According to the letter, the Defense Department “plans to cease publication of Stars and Stripes on September 30, 2020 and completely dissolve the organization by January 31, 2021 as a result of the proposed termination of funding in the fiscal year 2021 President’s budget.”

Defense Secretary Mark Esper speaks to members of the media throughout a information convention to debate the division’s efforts in response to the COVID-19 pandemic on the Pentagon Briefing Room in Washington, in March 2020.

A Pentagon memo provides the paper’s writer till Sept. 15 to stipulate a process that “dissolves the Stars and Stripes” and start plans “for vacating government owned/leased space worldwide,” in accordance with USA Today, which first reported the memo Friday.

A spokesperson for the Pentagon didn’t instantly reply to a request for remark Friday.

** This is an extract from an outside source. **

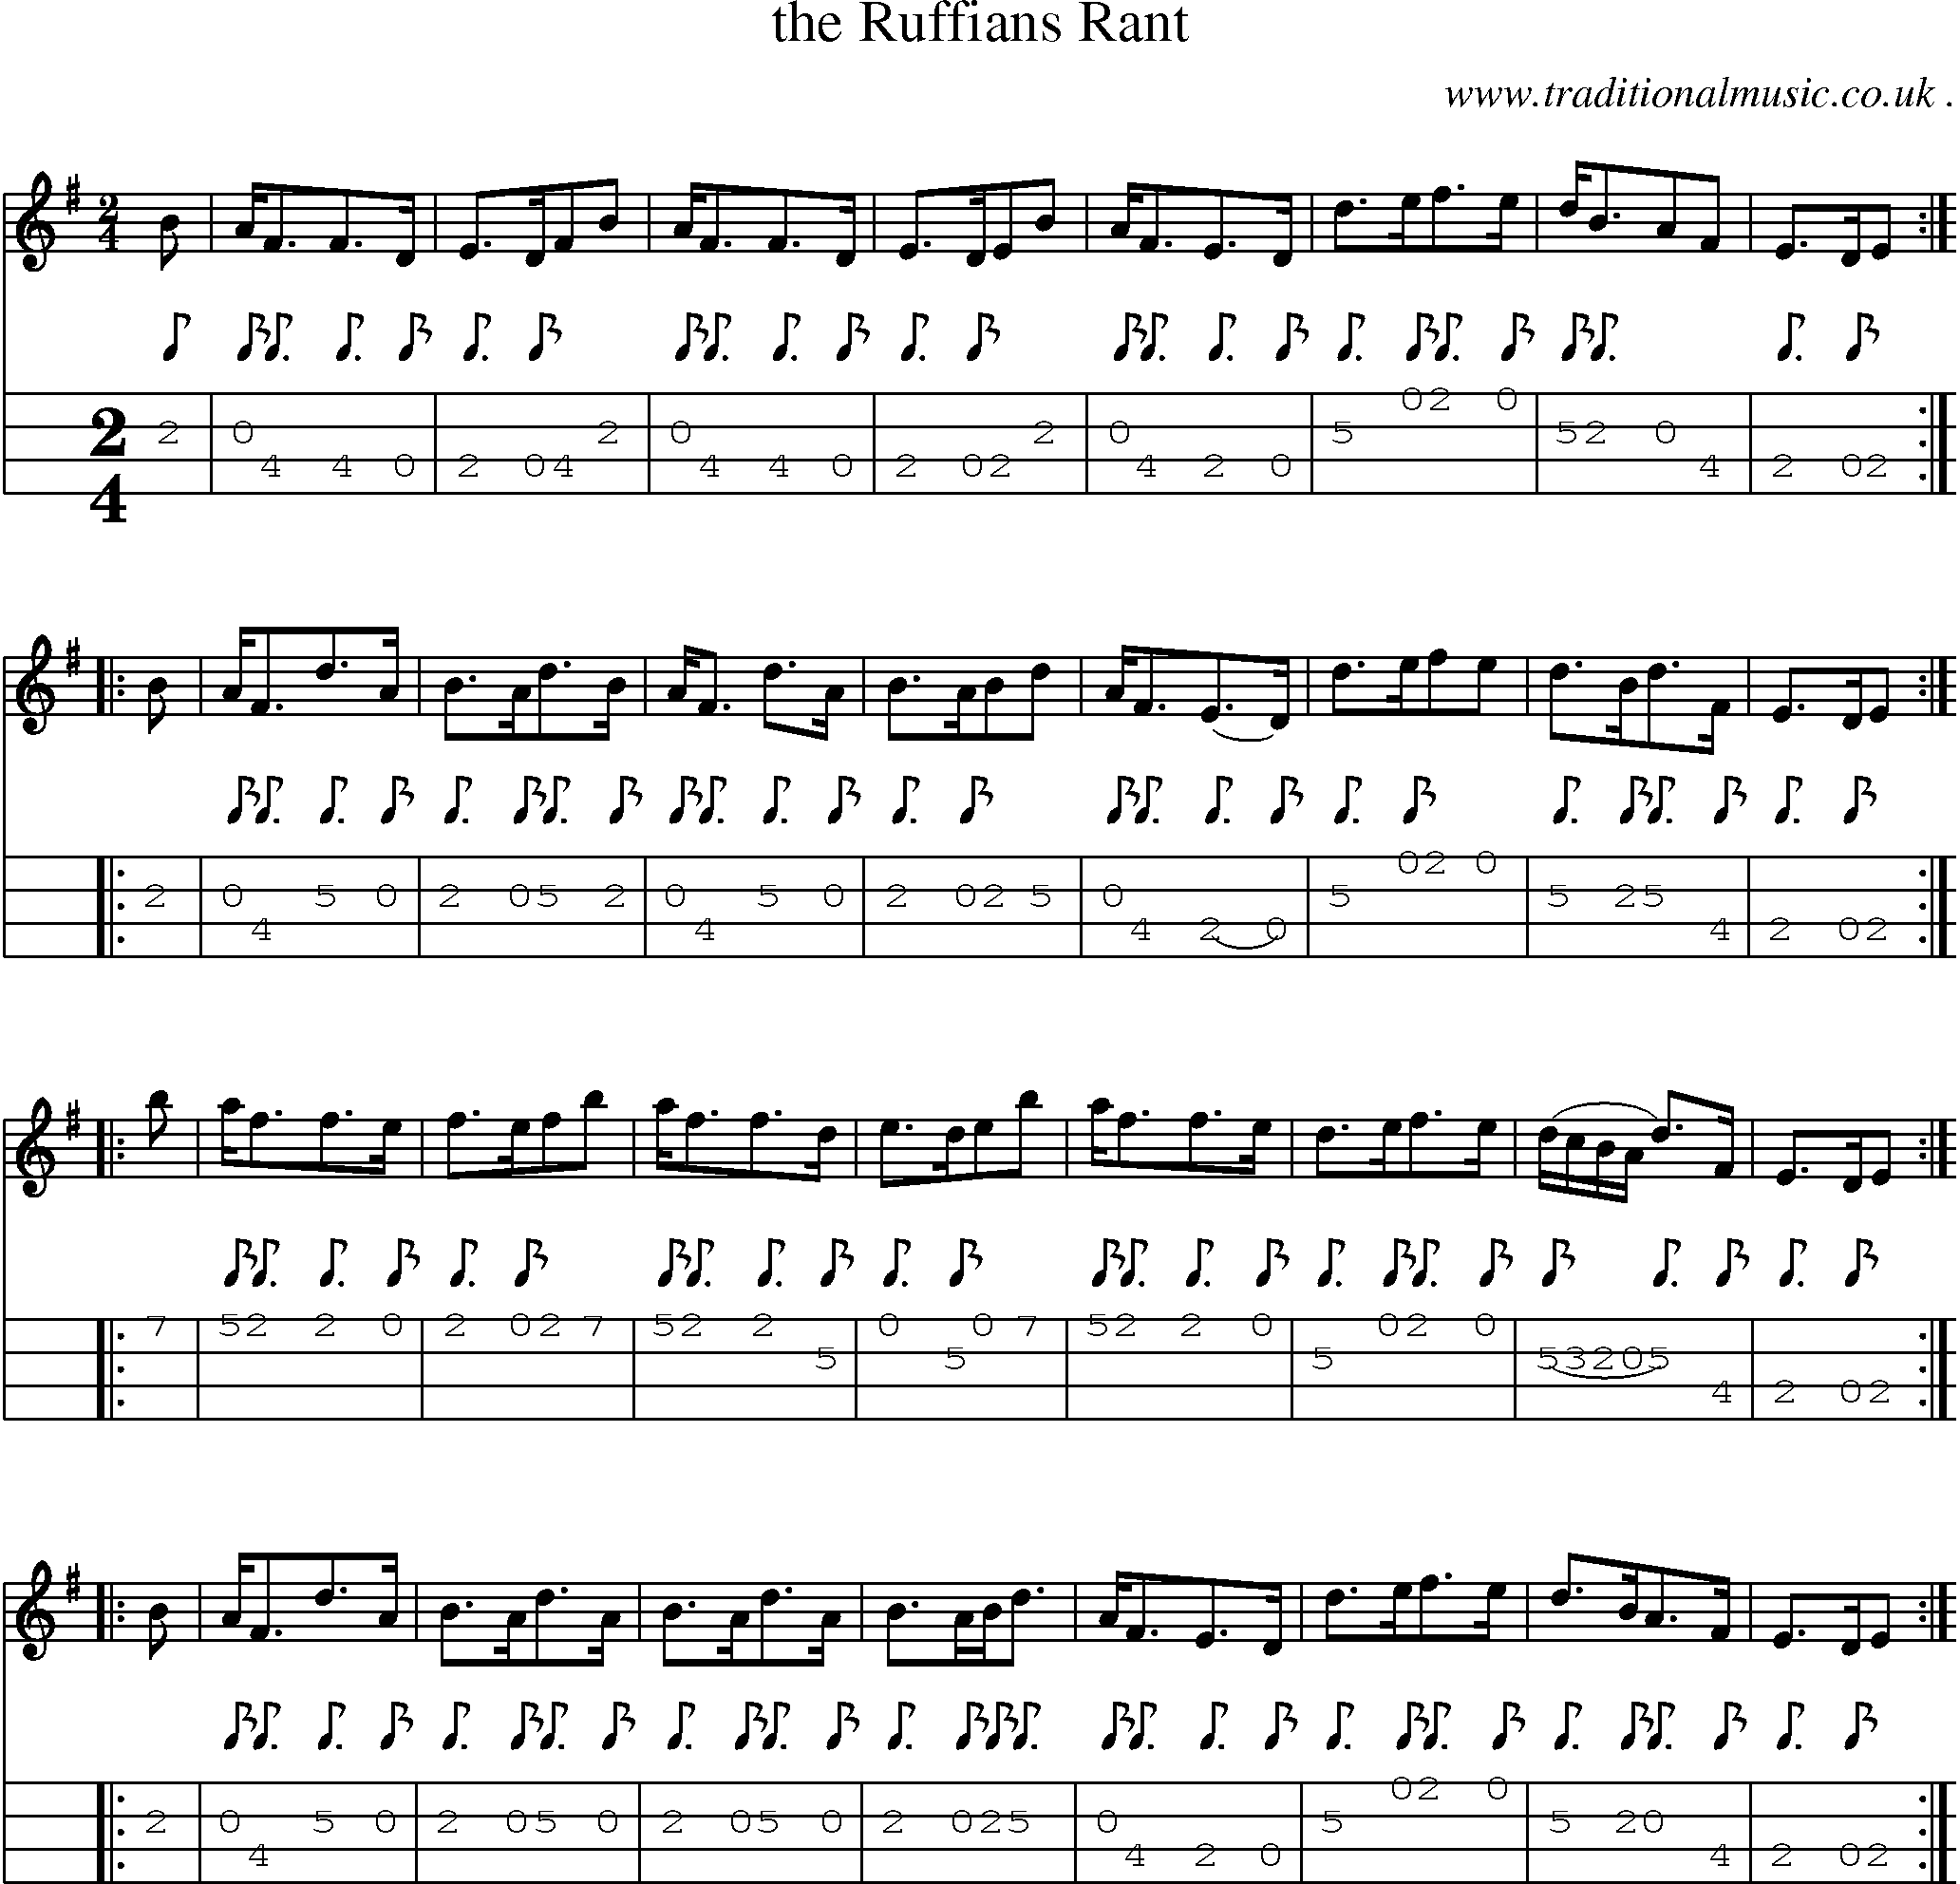 Sheet-Music and Mandolin Tabs for The Ruffians Rant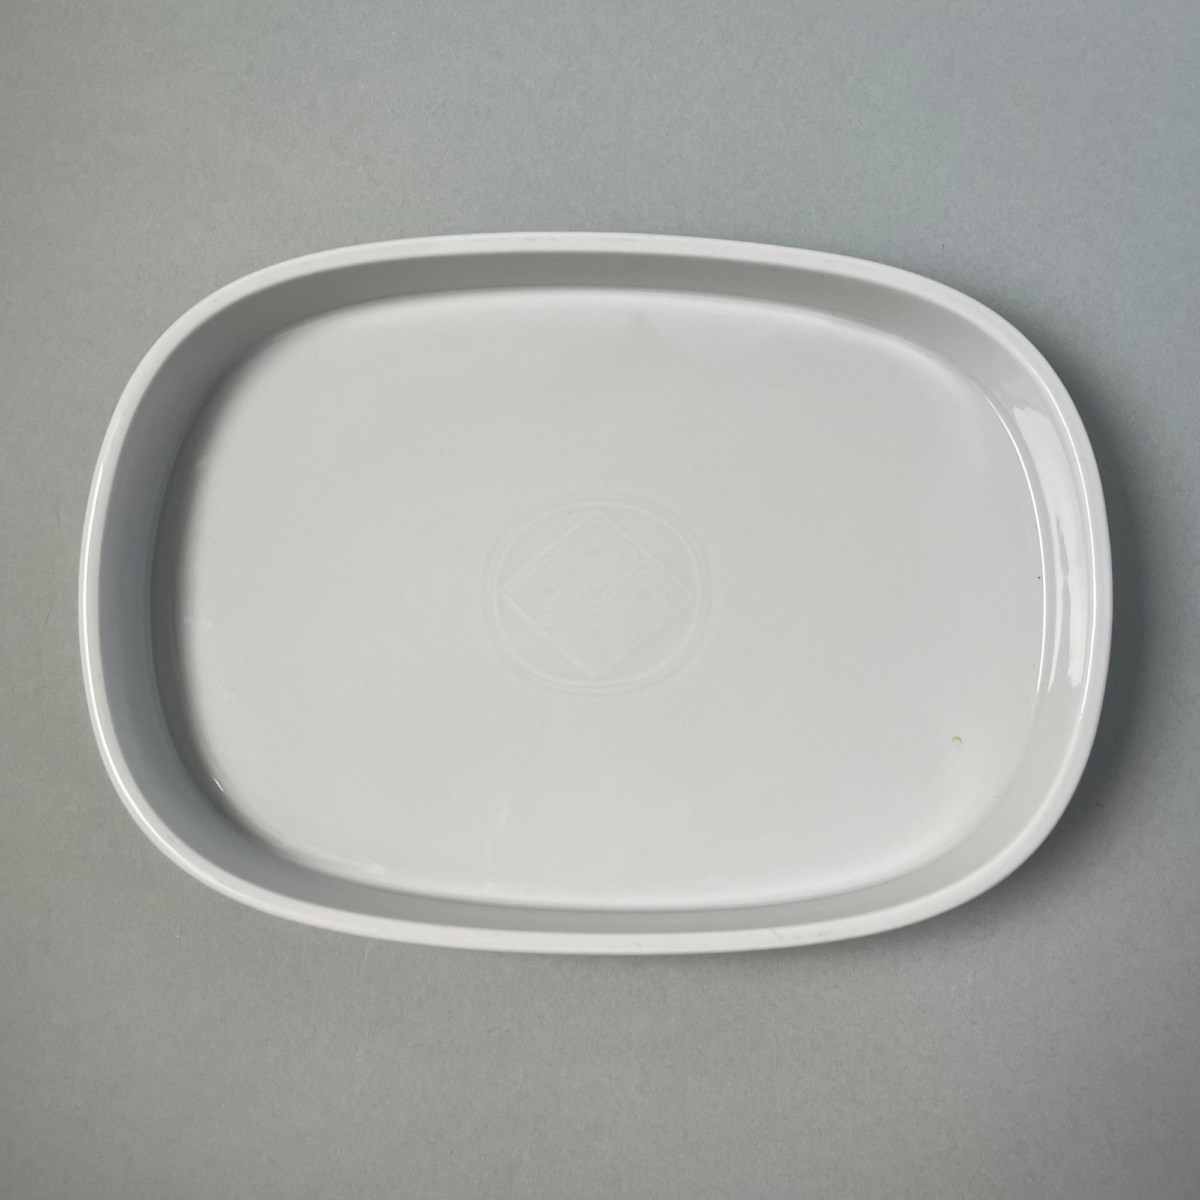 OthersROYAL COPENHAGEN Gertrude Vasegaard / Oval plate

Stars and Stripes is housed underneath and receives funding from the Department of Defense, however is editorially unbiased of it. Dating again to the Civil War, it has operated constantly since World War II, publishing print editions around the globe for U.S. navy members serving abroad.

In February, the DoD first signaled it might be stripping funding from the publication within the division’s 2021 price range. Defense Secretary Mark Esper claimed it was a cost-saving measure, even though the $15.5 million for the publication makes up a tiny fraction of the Pentagon’s proposed $705.4 billion price range for 2021.

“We trimmed the support for Stars and Stripes because we need to invest that money, as we did with many, many other programs, into higher-priority issues,” Esper stated on the time, citing area, nuclear applications and hypersonic missiles.

In July, the House handed a protection spending invoice that included funding for the publication. However, the Senate has but to vote on the invoice or cross a unbroken decision to briefly protect funding whereas it negotiates subsequent 12 months’s protection price range. Without any legislative motion, the publication’s funding would expire on Sept. 30, the tip of the 2020 fiscal 12 months.

The senators wrote {that a} persevering with decision “places a legal obligation on the Department to not act on a termination of a program until a full-year appropriations bill is enacted,” asking Esper for “written assurance that the Department will comply with this obligation and avoid steps that would preempt the funding prerogative of Congress.”

Stars and Stripes writer Max Lederer didn’t instantly reply to a request for remark Friday. In response to the Senate letter Wednesday, he advised The Hill that the Pentagon officers knowledgeable him final month that the paper must cease publishing on Sept. 30 and stop operations by January. Without the funding, he stated he must lay off the paper’s employees. 

President Donald Trump often touts his help of the U.S. navy and makes use of it for his political picture, whereas additionally denigrating it. On Thursday, the Atlantic reported that whereas visiting France in 2018, Trump referred to navy members who died in World War I as “suckers” and “losers.” The White House denied the feedback, although a number of DoD officers confirmed them to The Associated Press and The Washington Post.